Smith Ramos resaltó que en temas como el energético y el agrícola, ha habido problemas generados desde el gobierno de México como buscar imponer las leyes de hidrocarburos y la eléctrica que van en contra del T-MEC, y por posturas ideológicas como prohibir la entrada de maíz o semillas modificadas genéticamente al suelo mexicano desde EU.

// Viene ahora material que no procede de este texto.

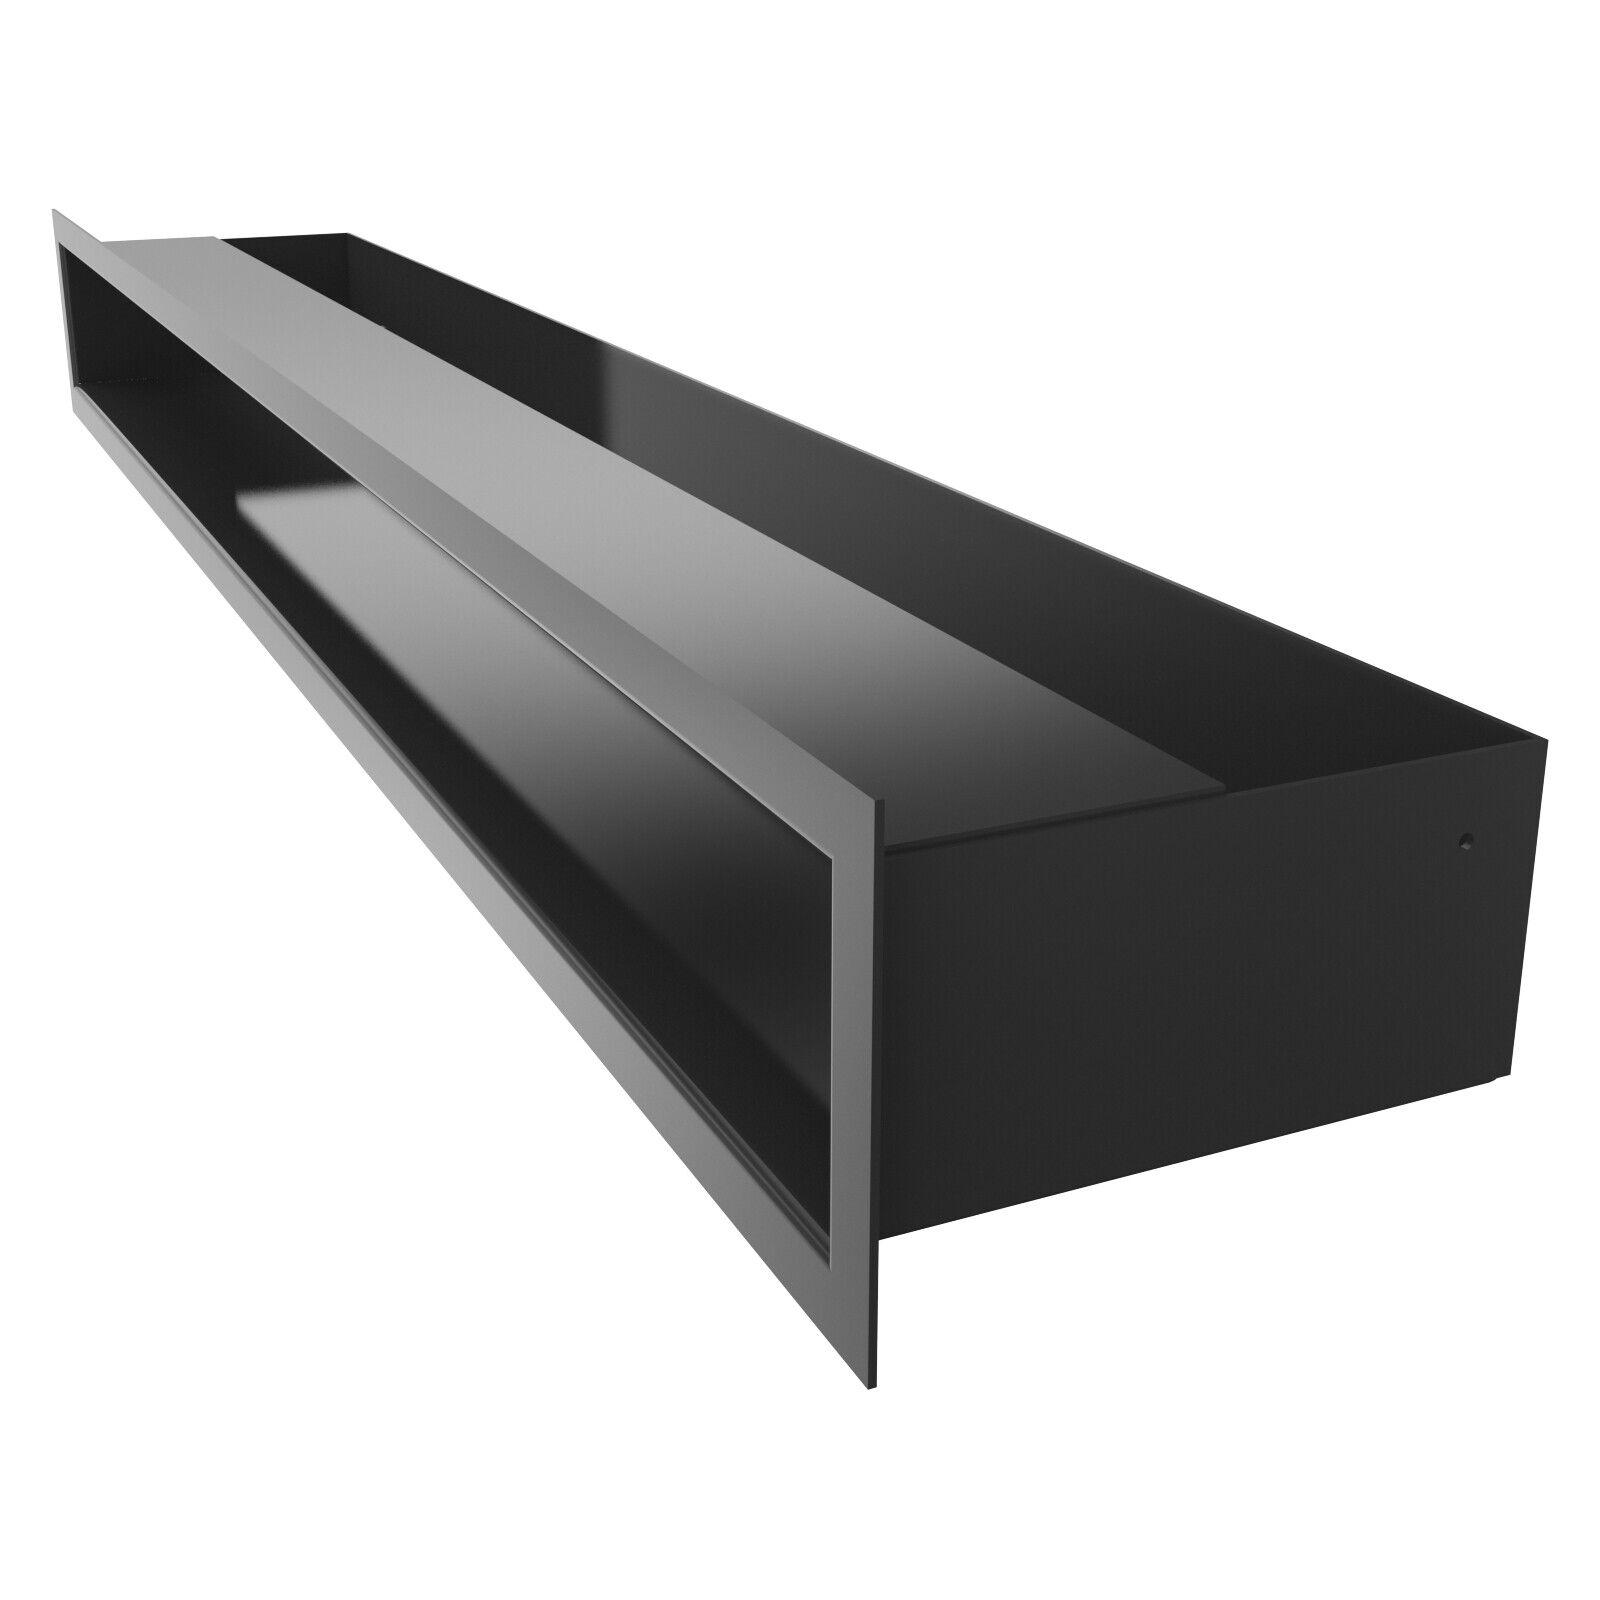 Luftleiste Ventilationsrahmen Lüftungsgitter Kamingitter schwarz 90x800 mm
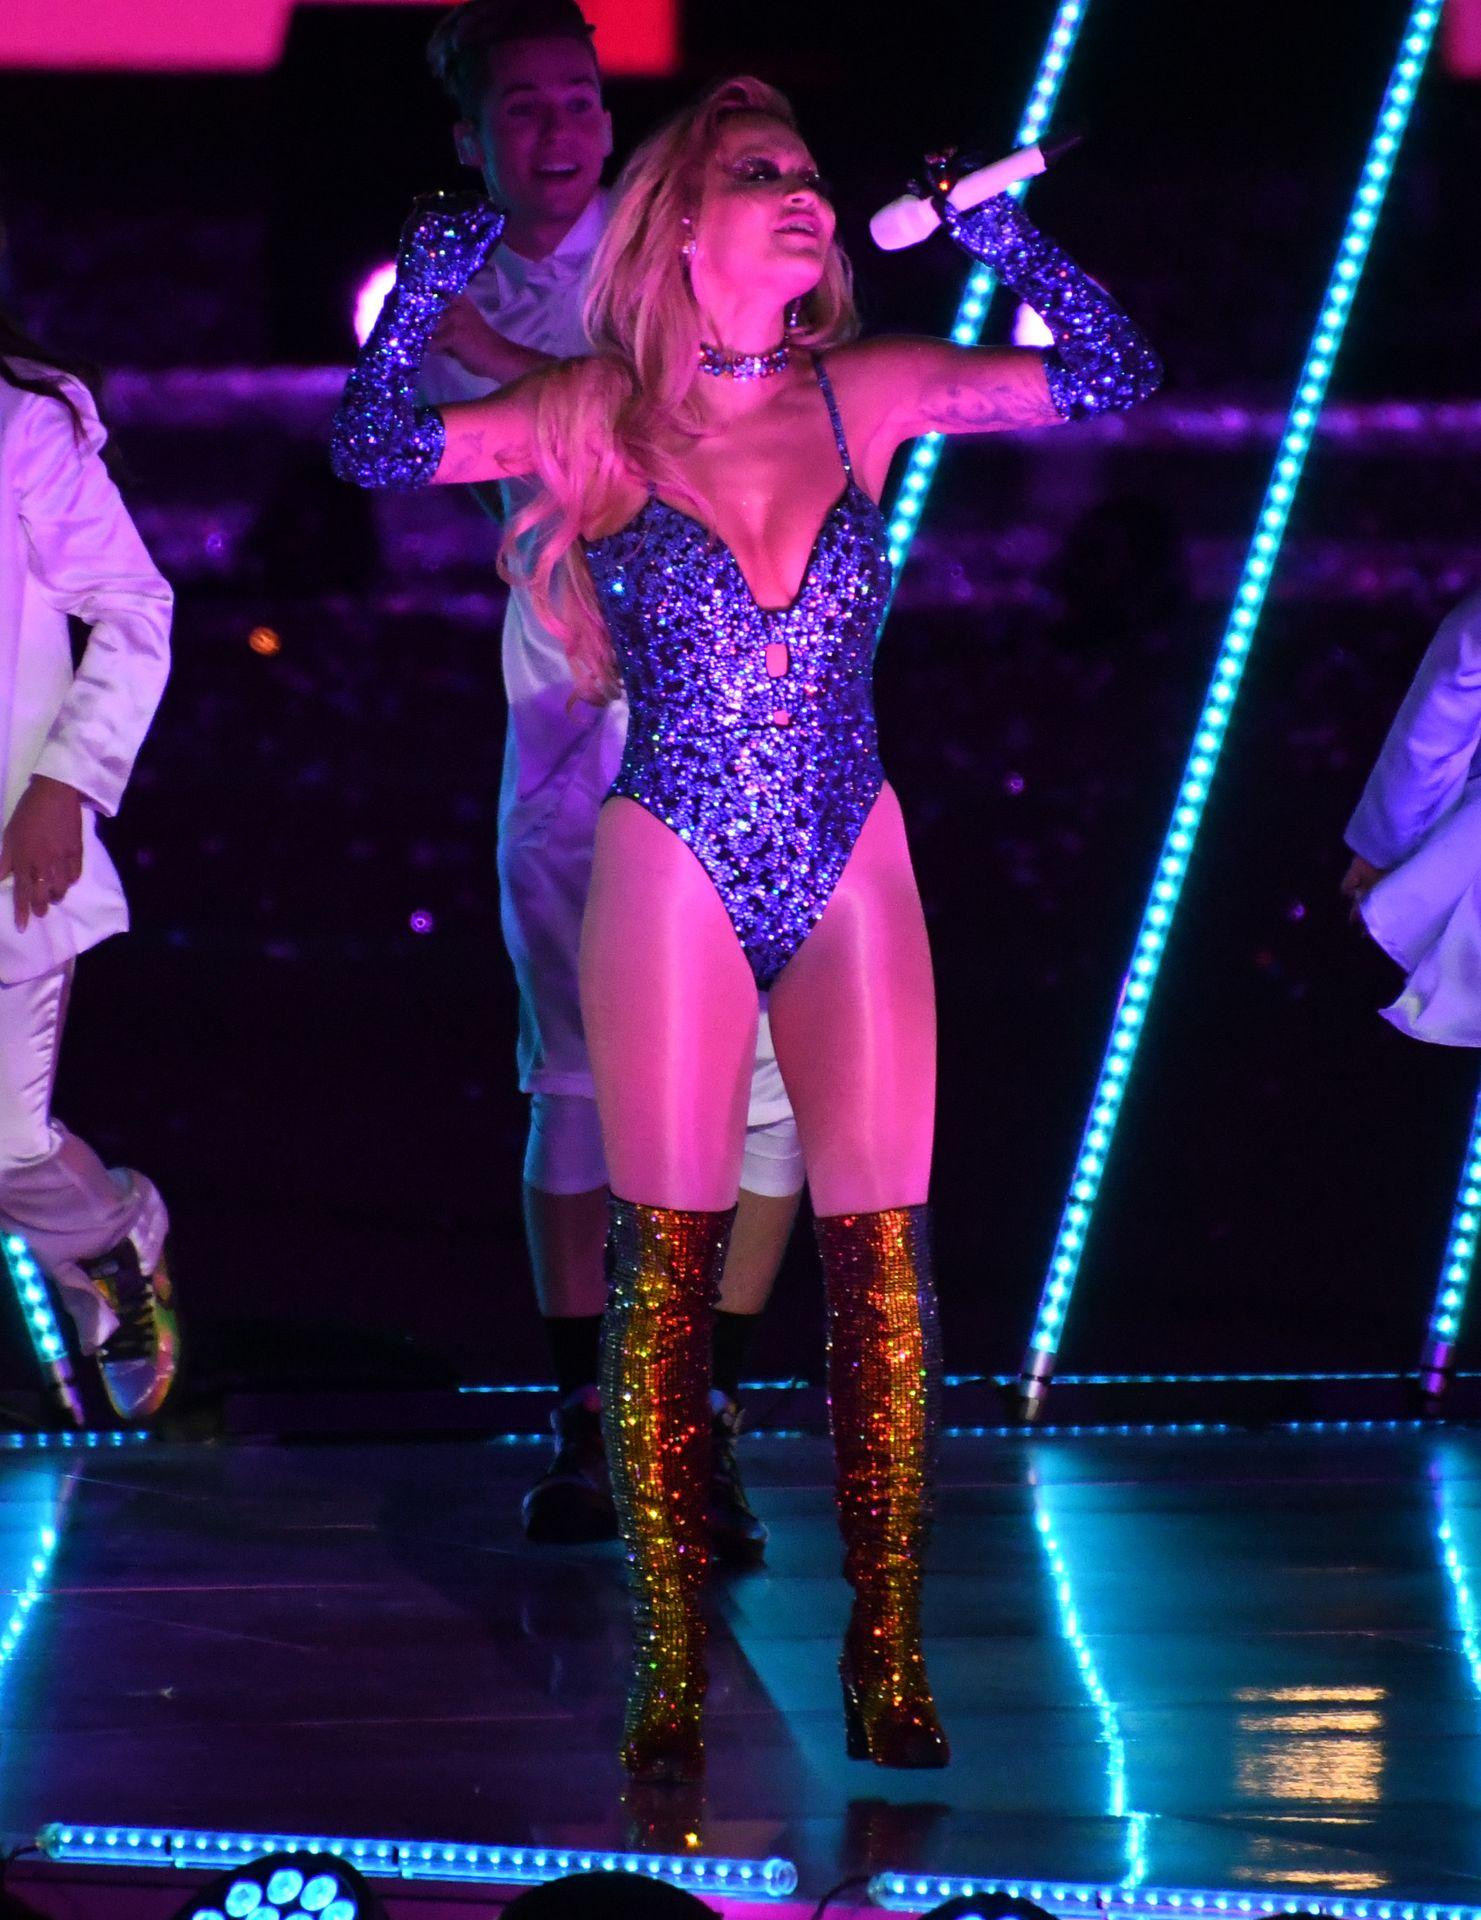 Rita Ora Performs at Sydney Gay and Lesbian Mardi Gras Parade (130 Photos)

“En la parte laboral no es como tal un desacierto, se debe revisar los argumentos de EU para decir que hay una violación a los compromisos laborales, porque eso nos va a permitir ver si el sistema está siendo respetado o si se trata de simples casos para satisfacer a los sindicatos de EU que buscan protección en contra de las exportaciones mexicanas del sector automotriz”, comentó.


 
Pendientes Ruíz-Cabañas sostuvo que el mayor pendiente es asegurar que los beneficios del T-MEC se afiancen en lo que se revisa nuevamente el tratado en seis años y destacó que deben analizarse las políticas domésticas de México para que alienten la inversión y así ver los beneficio del propio acuerdo.

Para Smith Ramos el reto es resolver lo más pronto posible los irritantes comerciales que ya hay sobre la mesa y no dejar que se multipliquen, y trabajar de lleno con EU para convencerlos de que invertir en México es bueno para América del Norte.